Page MenuHomePhabricator

Creation of database tables cu_useragent_clienthints and cu_useragent_clienthints_map
Closed, ResolvedPublic

Description

As part T257893: [EPIC] Support User-Agent Client Hints header in CheckUser, CheckUser needs tables to store Client Hint data. The implementation proposed in https://gerrit.wikimedia.org/r/c/mediawiki/extensions/CheckUser/+/931875 adds two new tables, namely:

  • cu_useragent_clienthints - A table that stores name and value combinations of Client Hint data.
  • cu_useragent_clienthints_map - A many-to-many table between cu_useragent_clienthints and one of cu_changes, cu_private_event or cu_log_event.

Answers to the questions at https://wikitech.wikimedia.org/wiki/Creating_new_tables:

  • Should this table be replicated to wiki replicas (does it not contain private data)? No, as private data is stored.
  • Will you be doing cross-joins with the wiki metadata? There will be no CROSS JOINs in the SQL sense. If this means any JOIN then, JOINs for these tables will occur to the tables cu_useragent_clienthints, cu_useragent_clienthints, cu_changes, cu_private_event and cu_log_event. When generating results for Special:CheckUser and Special:Investigate a JOIN would be made to the logging and comment table.
  • Size of the table (number of rows expected):
    • cu_useragent_clienthints - Minimal as the table stores unique combinations of client hint name and value, with most being shared by browsers.
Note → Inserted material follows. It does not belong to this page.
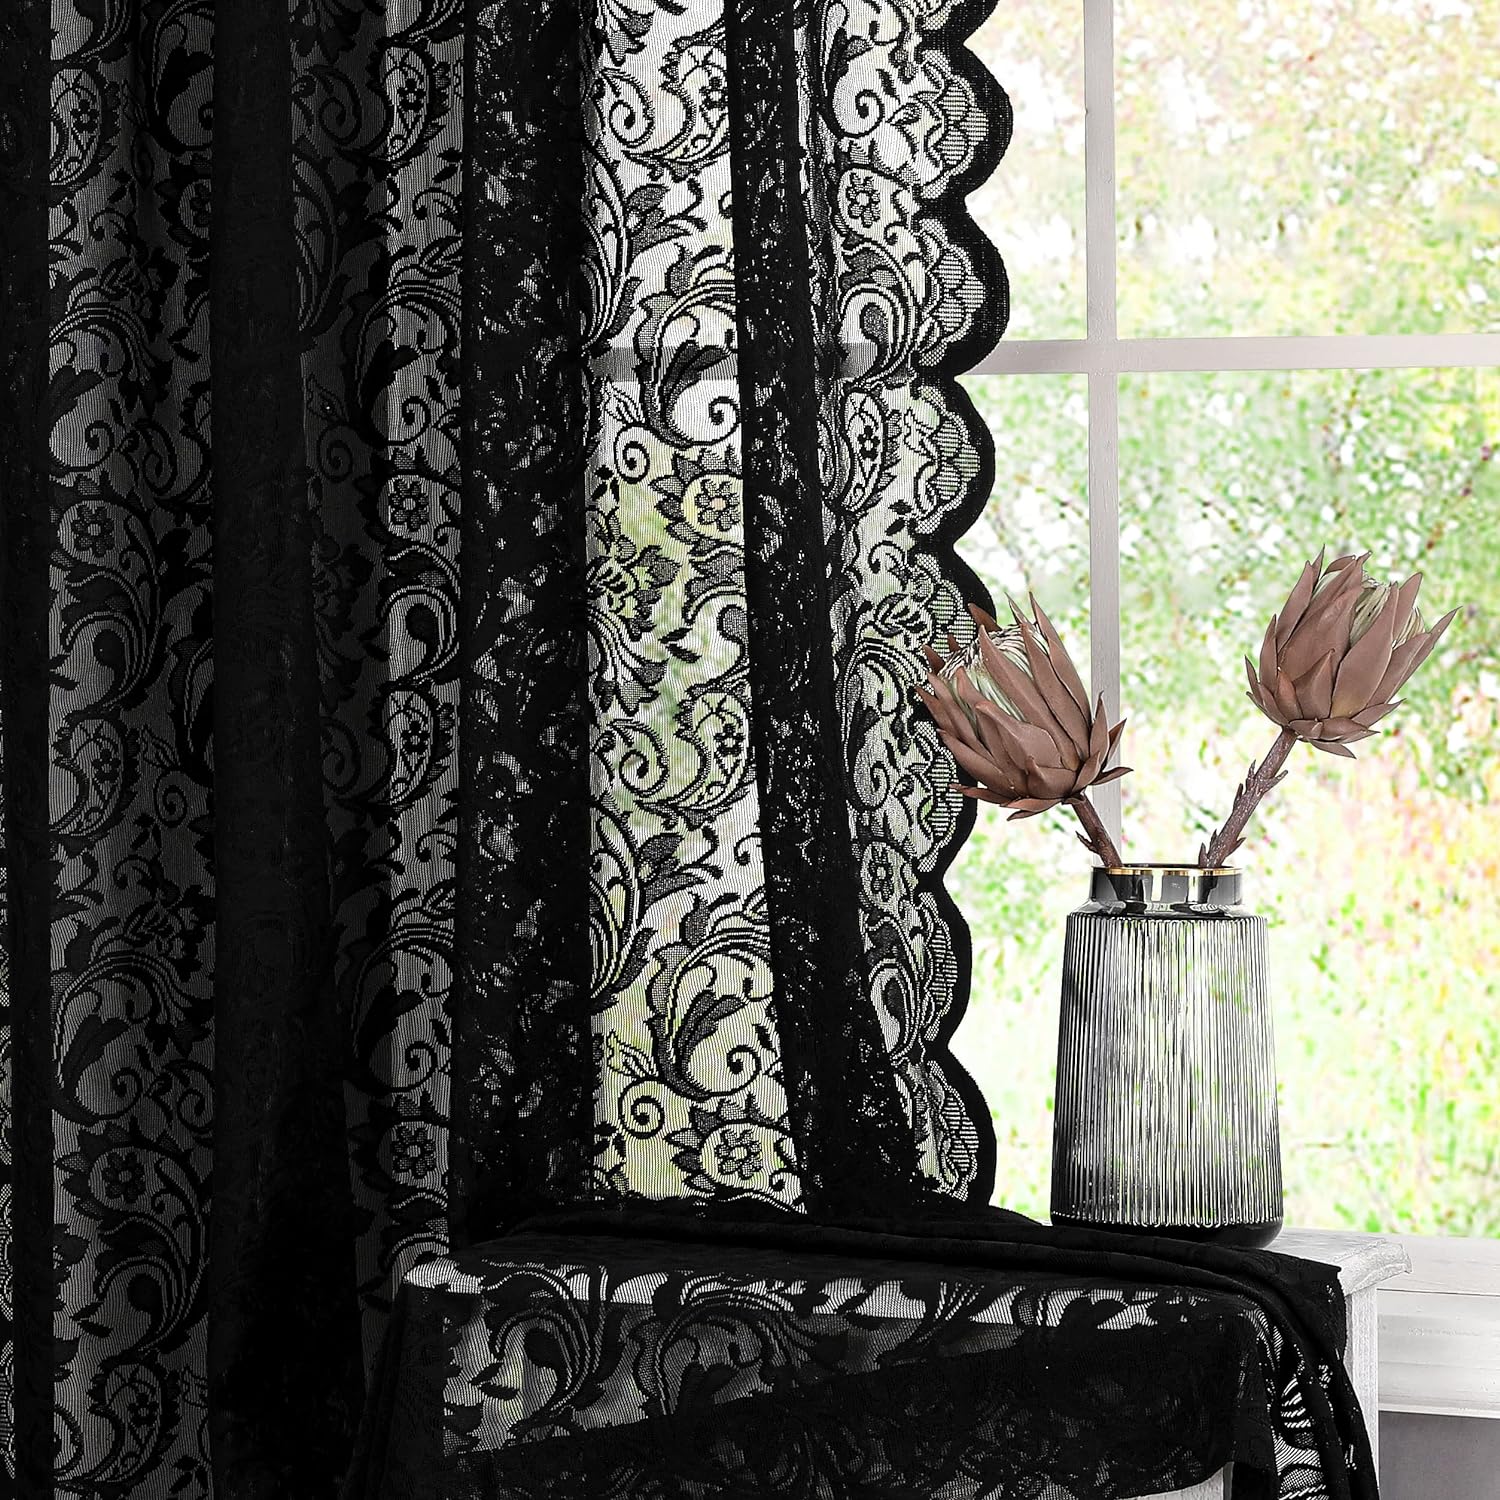 Black curtains for bedroom with embroidery on net fabric. sheer black curtain

Probably around 1000 rows. Local testing using current versions of Chrome and Edge gives 14 rows, but each version number of a browser adds a new row.
    • cu_useragent_clienthints_map - Very large number of rows expected, but entries are to be removed when the entry they reference is deleted in cu_changes and the column size and count is kept deliberately small to address this. Local testing indicates around 10 rows per entry in cu_changes, cu_private_event or cu_log_event. As such, the row count at most should be roughly 10 times the number of rows in cu_changes on wikidata.
  • Expected growth per year (number of rows): Initially there will be a large increase, but data will be deleted after 3 months as is done for cu_changes so no expected growth after 3 months of full deployment.
  • Expected amount of queries, both writes and reads (per minute, per hour...per day, any of those are ok): At minimum writes will occur to at least one of the tables every time a entry is stored in cu_changes when the browser is Chromium based (i.e. no Firefox or Safari). Initially this would be at least for every successful edit, but is likely to expand to log actions including logging in and out.
  • Examples of queries that will be using the table: (` character removed from queries for code highlighting reasons)
    • cu_useragent_clienthints
      • SELECT cu_useragent_clienthints_id FROM cu_useragent_clienthints WHERE uach_name = 'architecture' AND uach_value = 'x86' LIMIT 1
      • INSERT INTO cu_useragent_clienthints (uach_name,uach_value) VALUES ('fullVersionList','Google Chrome 114.0.5735.199')
    • cu_useragent_clienthints_map
      • SELECT COUNT(*) AS rowcount FROM (SELECT 1 FROM cu_useragent_clienthints_map WHERE uachm_id_type = 0 AND uachm_reference_id = 353 AND (uachm_id IS NOT NULL) ) tmp_count
      • INSERT INTO cu_useragent_clienthints_map (uachm_uach_id,uachm_id_type,uachm_reference_id) VALUES (109,0,'353')
  • The release plan for the feature (are there specific wikis you'd like to test first etc): T341110: Deploy client hints functionality (testwiki, four production wikis and then all wikis)

Event Timeline

Ladsgroup triaged this task as Medium priority.
Ladsgroup moved this task from Triage to Ready on the DBA board.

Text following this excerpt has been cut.